## WORK INSTRUCTIONS
A verbatim copy of the records is required, with all pictures left out.

Records from a data source
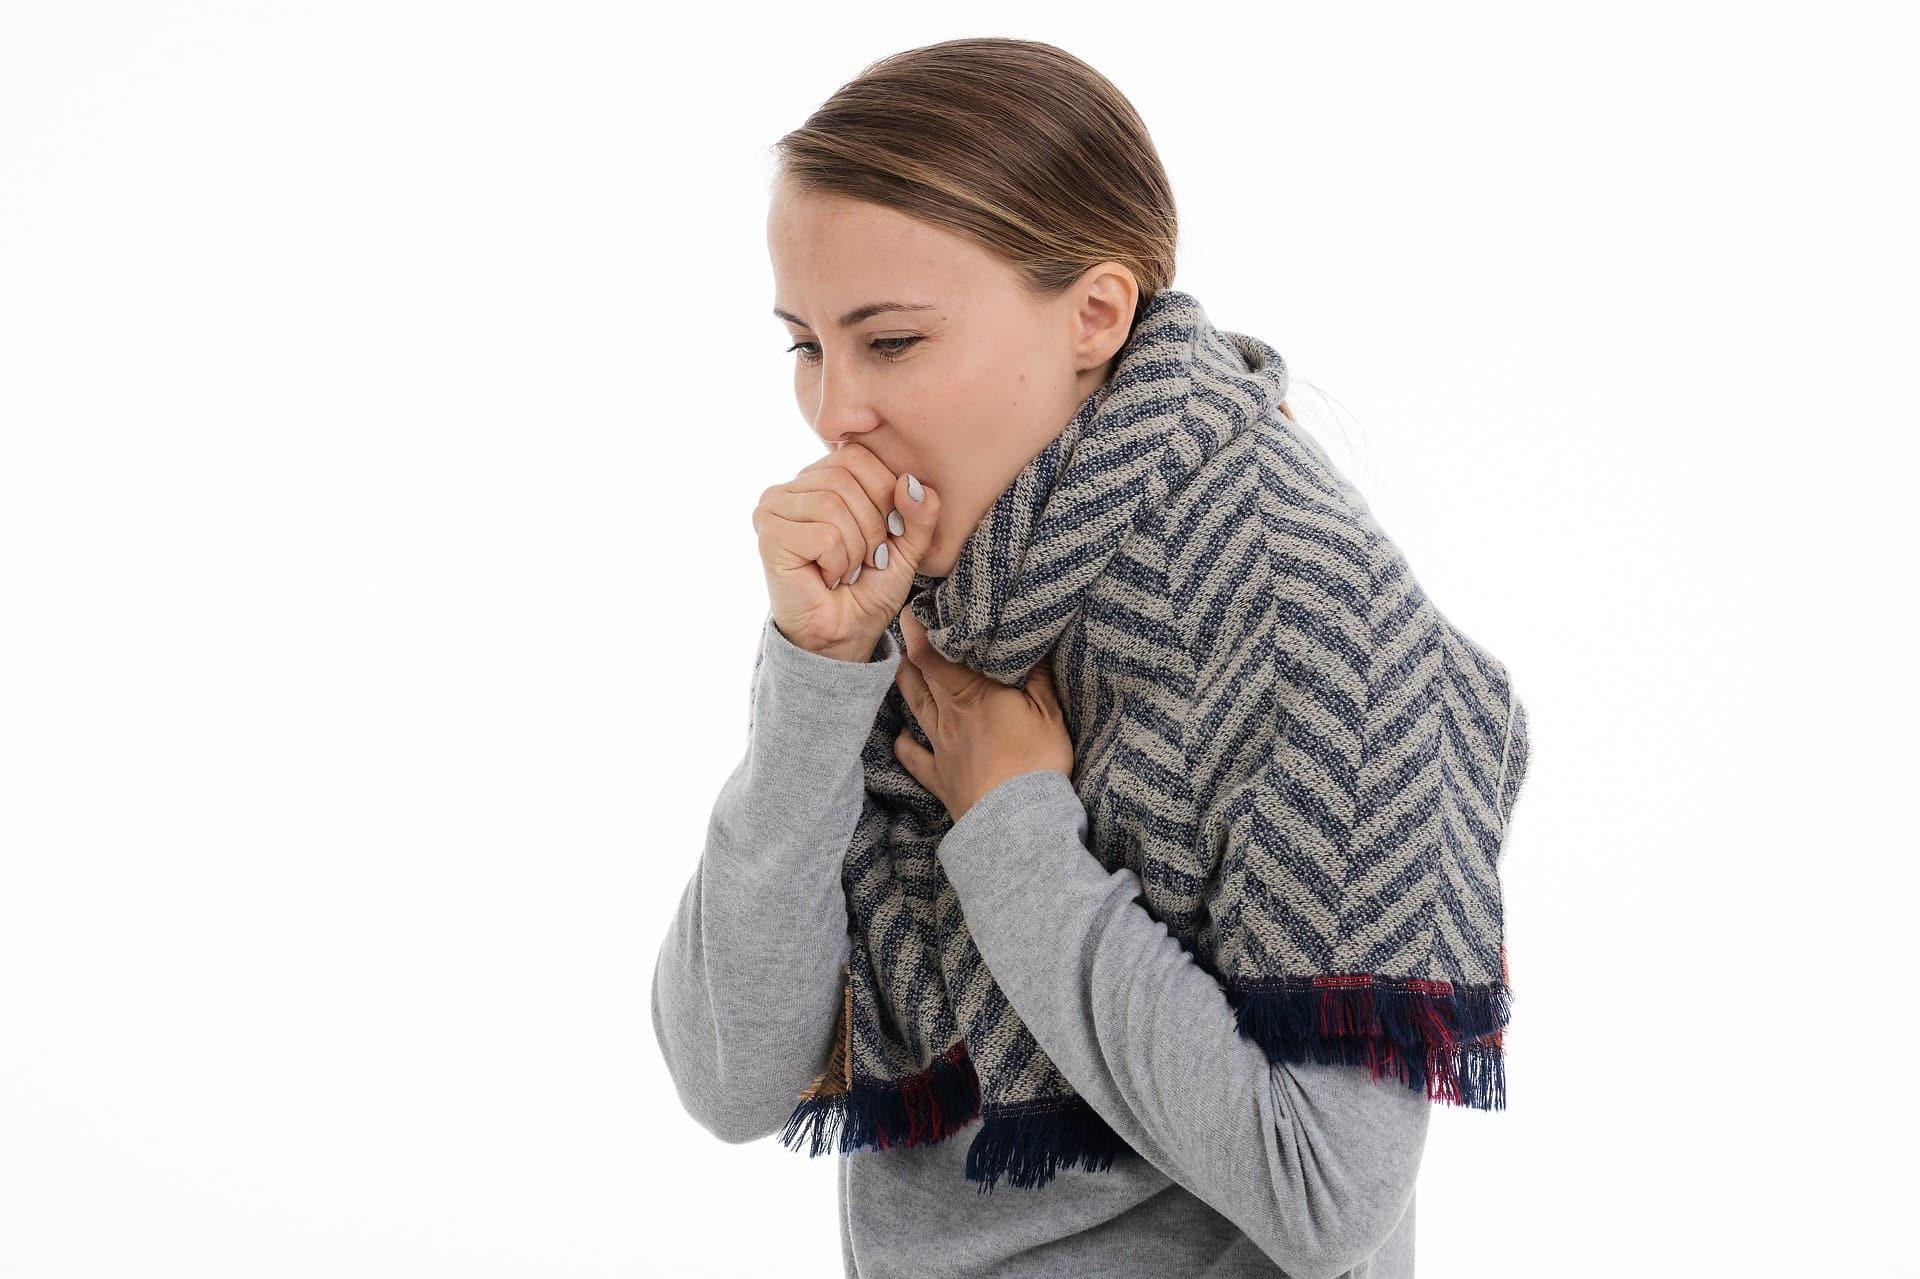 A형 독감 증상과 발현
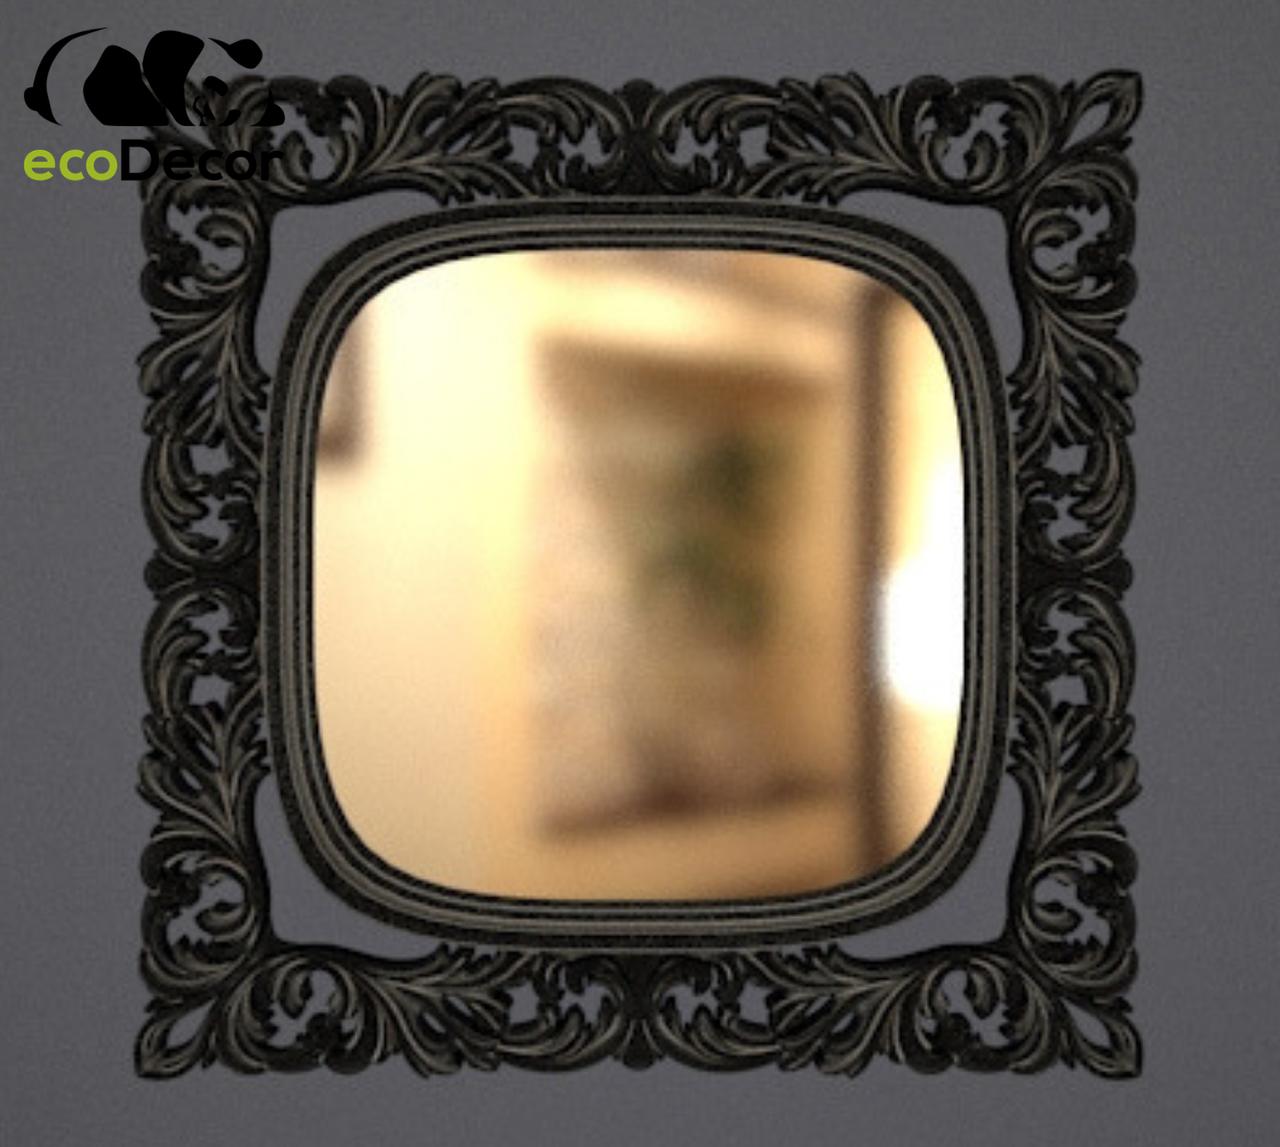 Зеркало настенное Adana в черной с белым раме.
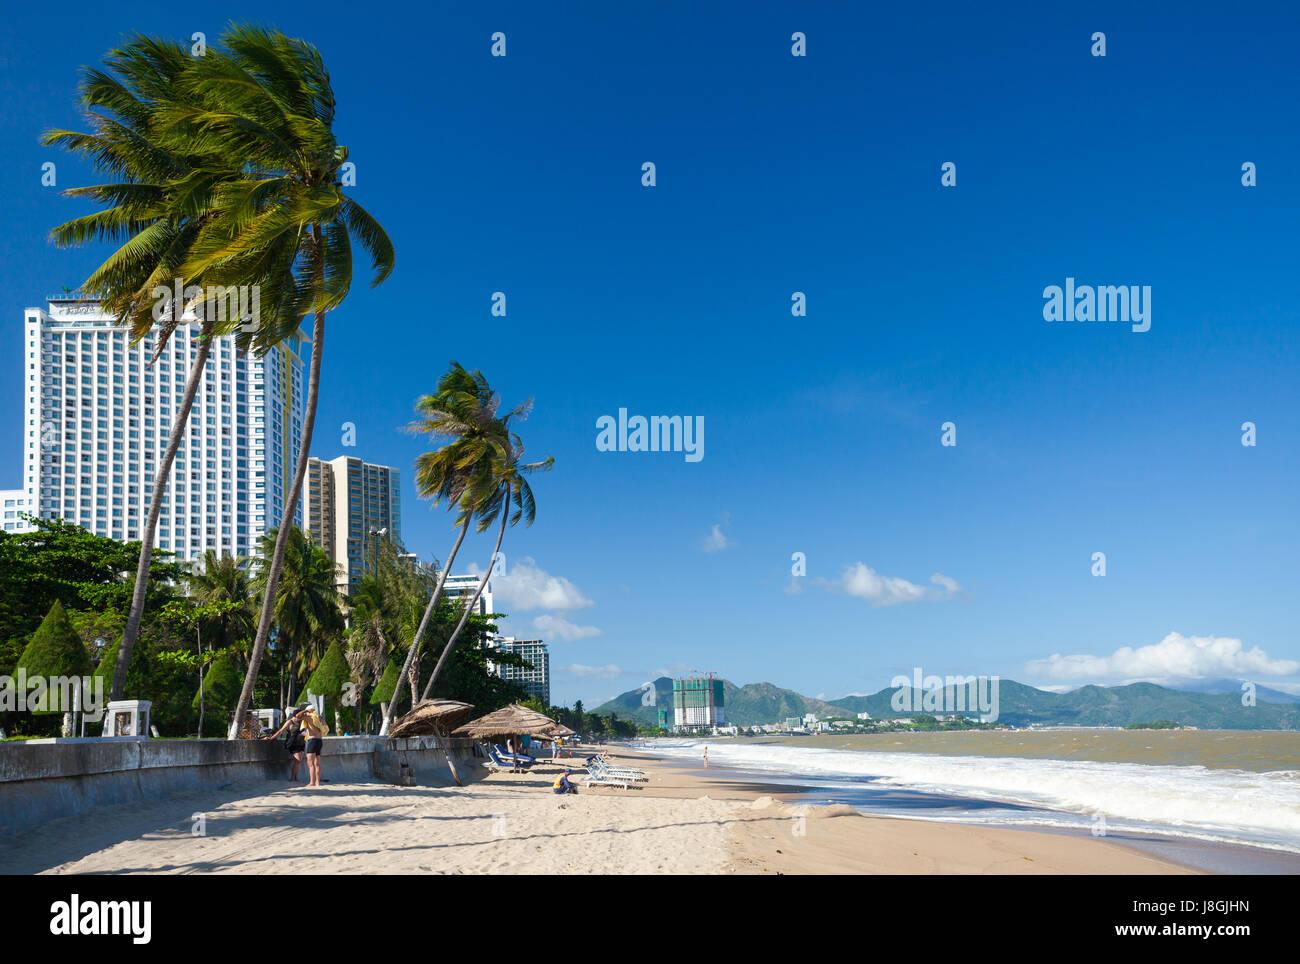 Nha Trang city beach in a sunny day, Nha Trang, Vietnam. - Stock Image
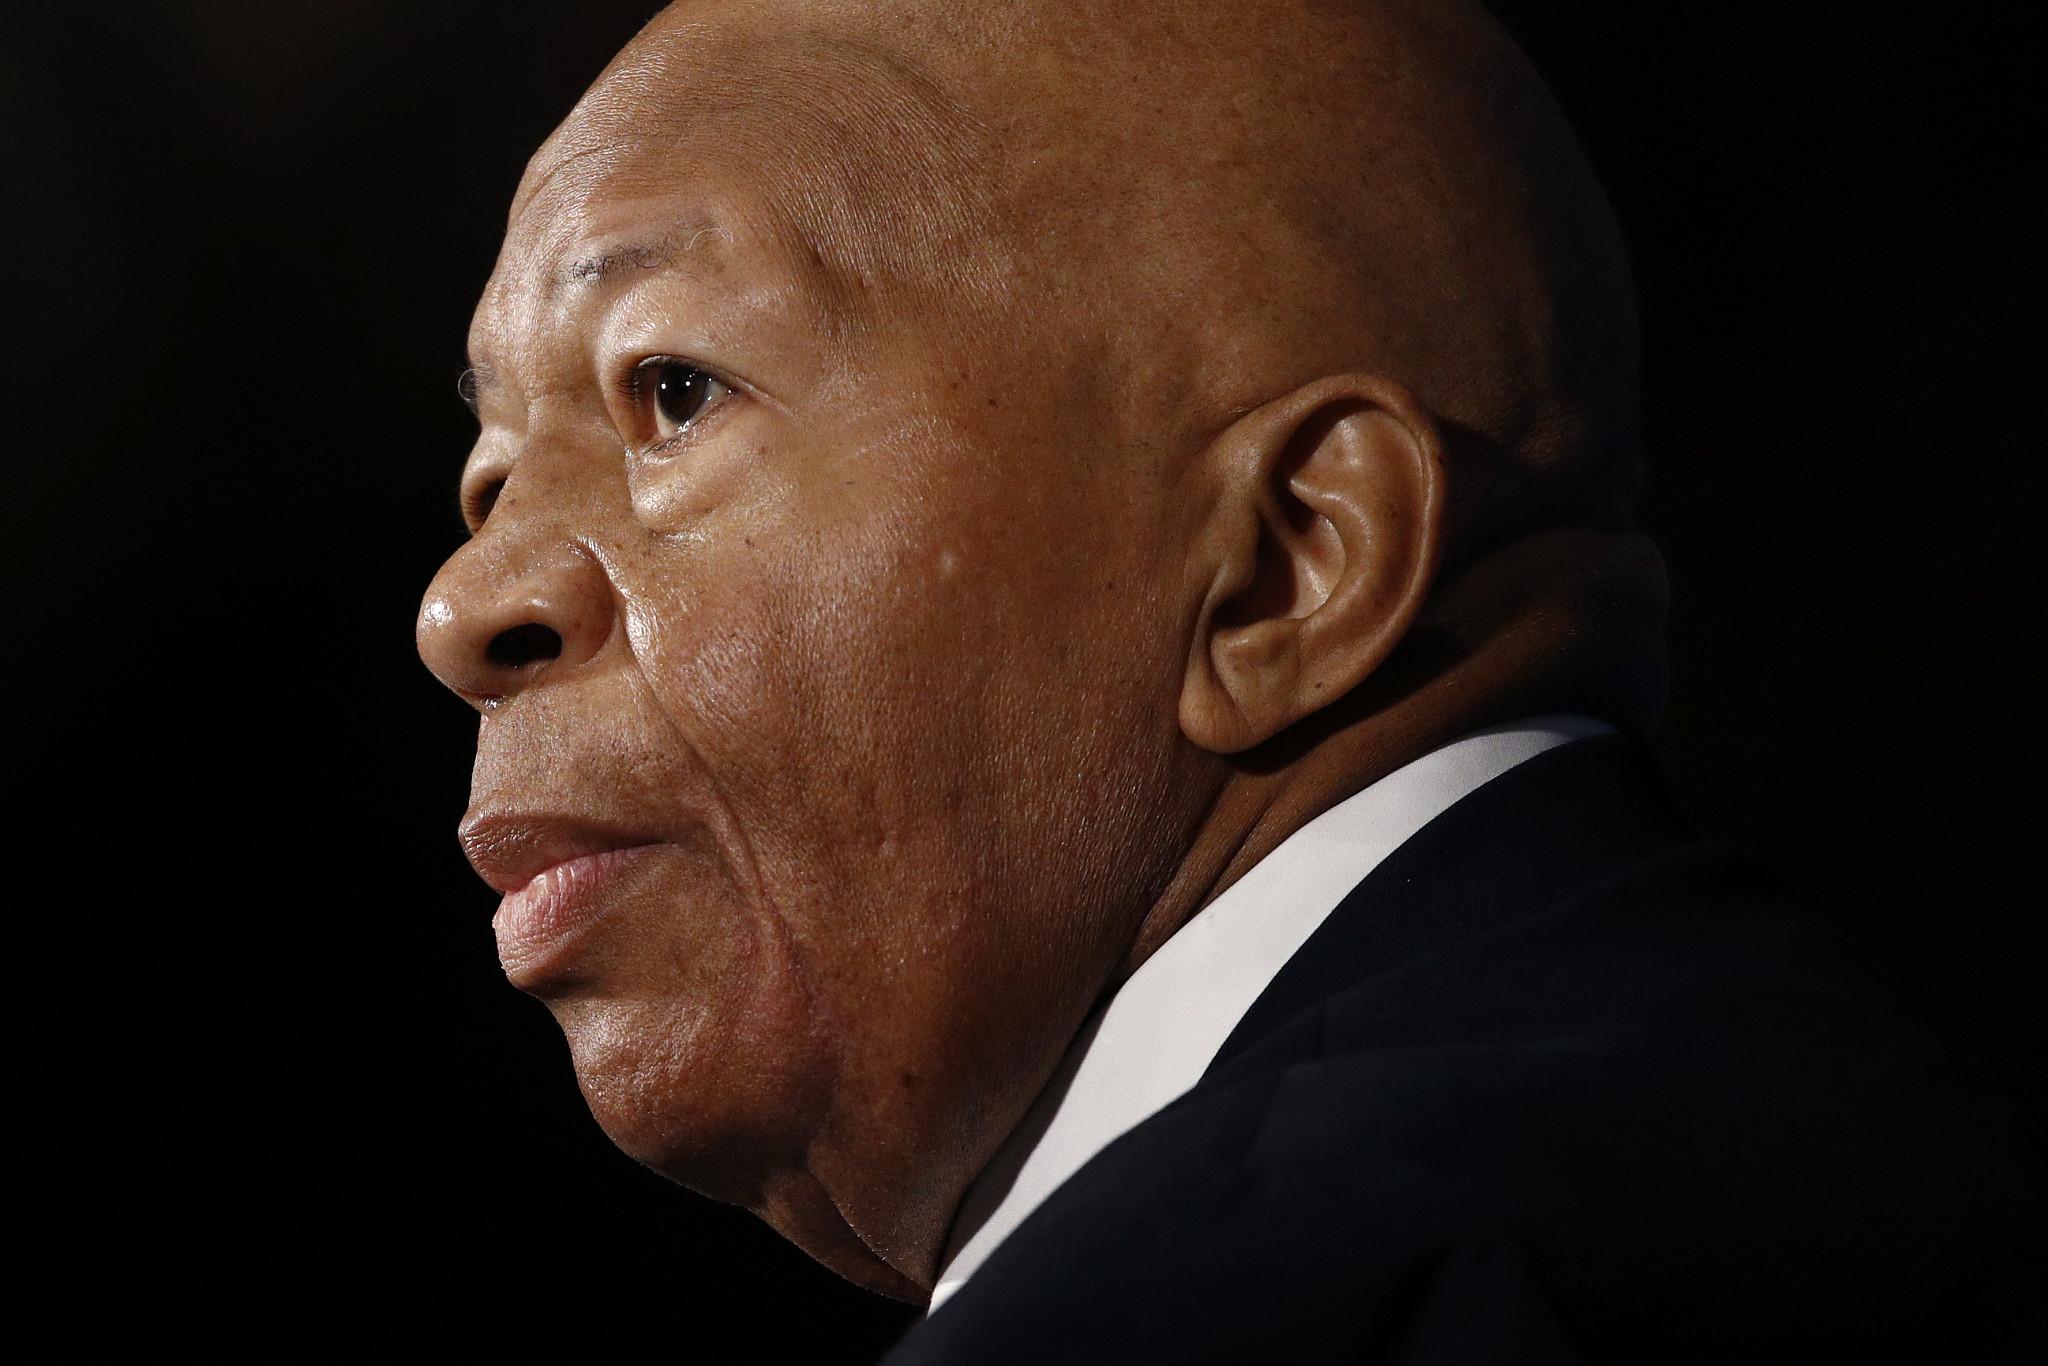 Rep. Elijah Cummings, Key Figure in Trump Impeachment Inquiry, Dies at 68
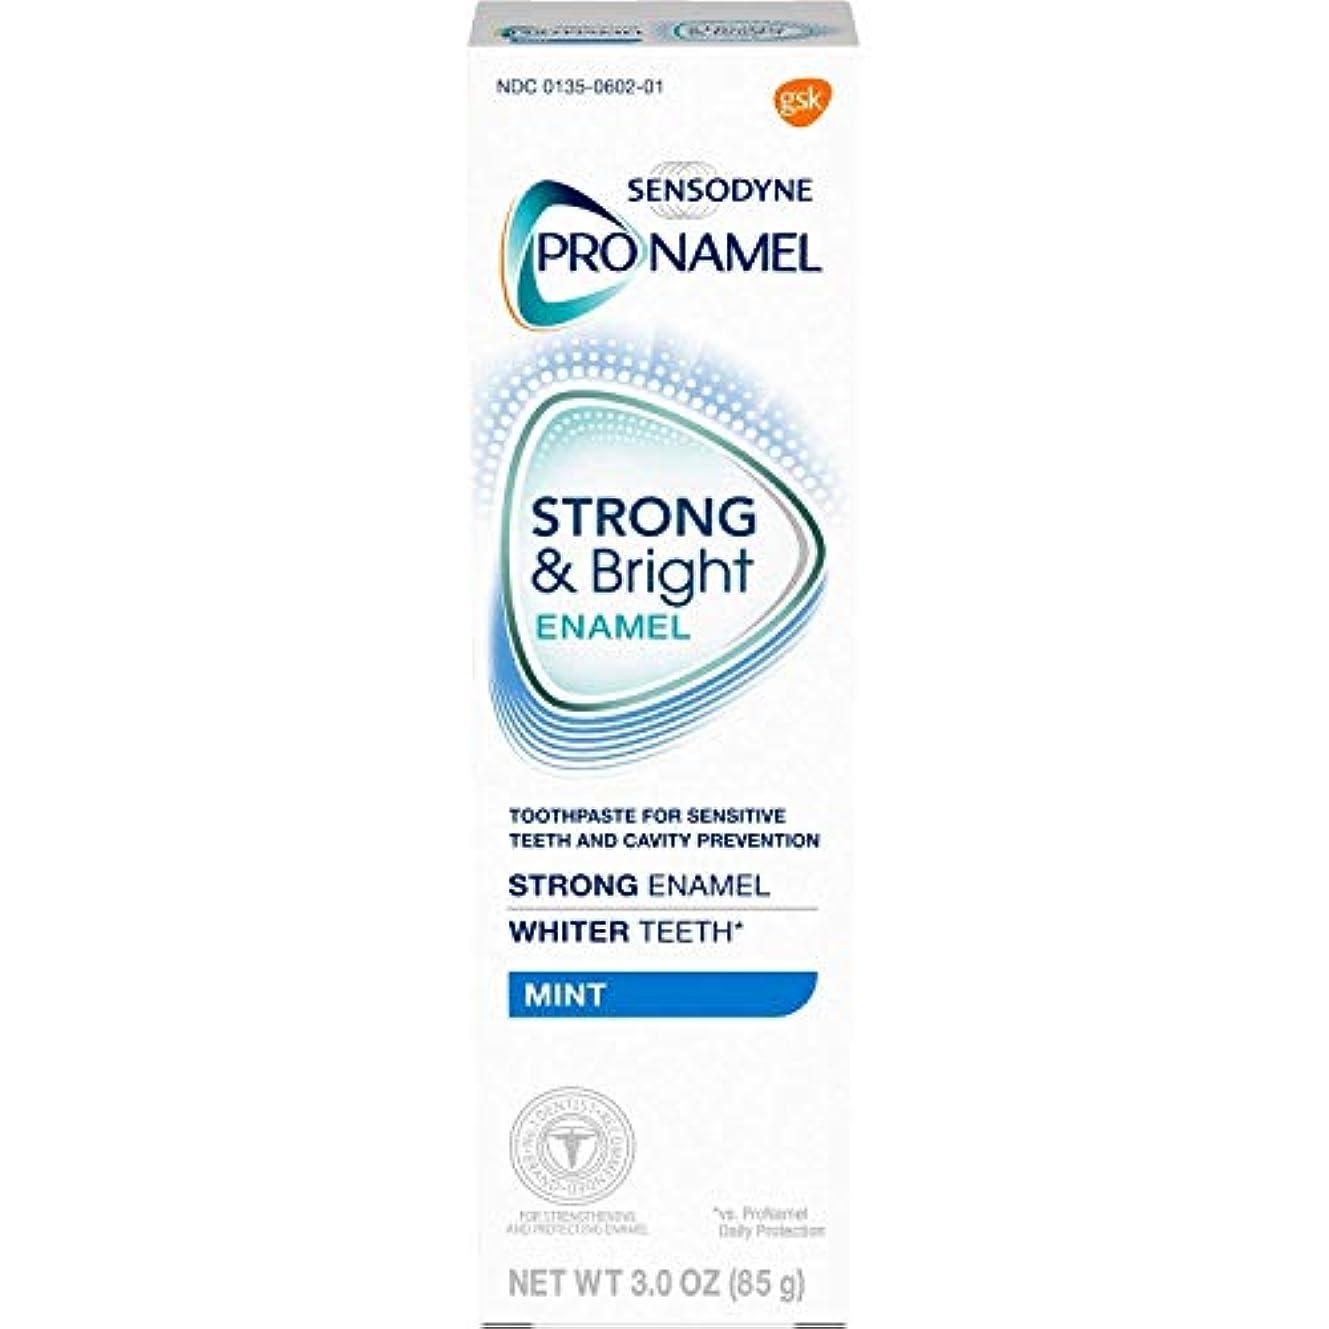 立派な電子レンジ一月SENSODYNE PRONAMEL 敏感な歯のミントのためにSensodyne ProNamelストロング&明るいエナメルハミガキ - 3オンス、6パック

## SOLVED PROBLEM
 A형 독감 증상과 발현
 Зеркало настенное Adana в черной с белым раме.
 Nha Trang city beach in a sunny day, Nha Trang, Vietnam. - Stock Image
 Rep. Elijah Cummings, Key Figure in Trump Impeachment Inquiry, Dies at 68
 立派な電子レンジ一月SENSODYNE PRONAMEL 敏感な歯のミントのためにSensodyne ProNamelストロング&明るいエナメルハミガキ - 3オンス、6パック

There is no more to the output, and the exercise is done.